A piece of heritage up for sale

In the peak-of-spring flush that brings the best of Mount Macedon’s available properties on to the market, Sefton is undoubtedly this season’s star attraction.

And with a price that will potentially make it one of the mountain’s priciest properties, it would want to be.

With 20 bedrooms – admittedly housed in three buildings on the 8.8 hectares of botanic garden-like grounds – the 1907 heritage-listed spread could possibly qualify as the top trophy property in the old hill station redoubt where Melbourne’s 19th-century wealthy folk went to cool off through summer.

If not for the distant backdrop of eucalypt-covered ridges, Sefton could transport you to the realms of great English country house estates.

It has daffodils, early blossoms, a nine-hole golf course, a backyard tennis court, croquet lawn and kitchen gardens.

Certainly, once behind that tall hedge, and having crunched quietly over gravel on the winding drive and past neck-stretching 100-year-old beeches, maples, oaks, cedars and the odd California redwood, visiting Sefton vividly recalls a more gracious time.

The weatherboard and multiple-gabled main house, a beautifully proportioned and craftsman-detailed Edwardian weekender, was built by a Baillieu. Specifically, by William Lawrence (1859-1936), of the first Australian-born generation of that influential dynasty. By 1901 he was a politician in the Victorian Legislative Council.
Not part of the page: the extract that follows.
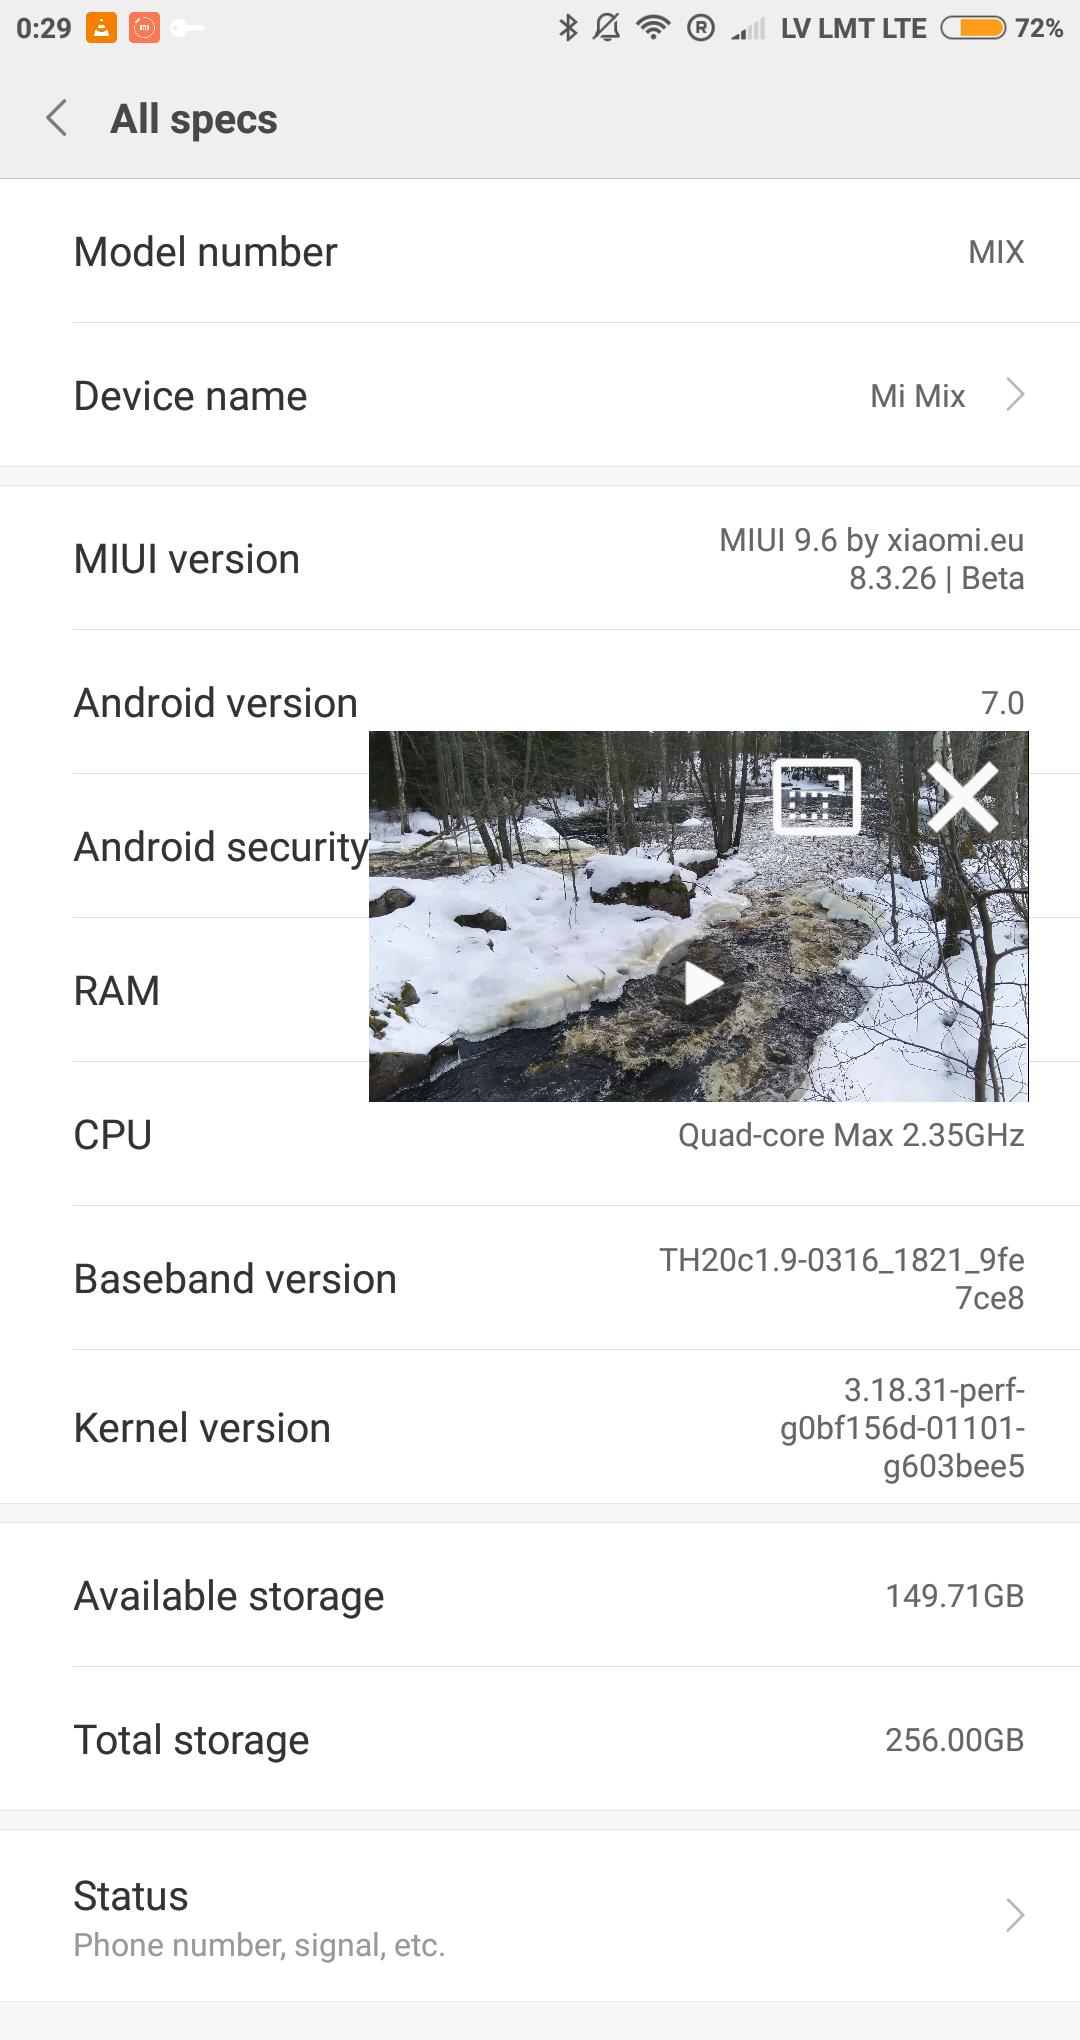 Screenshot_2018-05-08-00-29-32-388_com.android.settings.png

His main house was in Camberwell, but early in the 20th century and taking up a site once occupied by Mount Macedon’s original guest house, he commissioned architectural firm Sydney Smith and Ogg to design a retreat on a flattened hill in what is now known as “the Golden Mile” of Mount Macedon Road.

The house was passed down through the Baillieu family, to Lord (Clive) Baillieu of Sefton, and in the early 1980s (and under the auctioneer’s hammer of Baillieu Allard), it went out of private hands when it sold to Elders IXL, with John Elliott and his executives using it as a country getaway and conference centre.

In 2005, it was sold on for $8.17 million to the medical and health industry-related Gribbles Group. All through these sales, the property and the gardens have been maintained to a meticulous standard.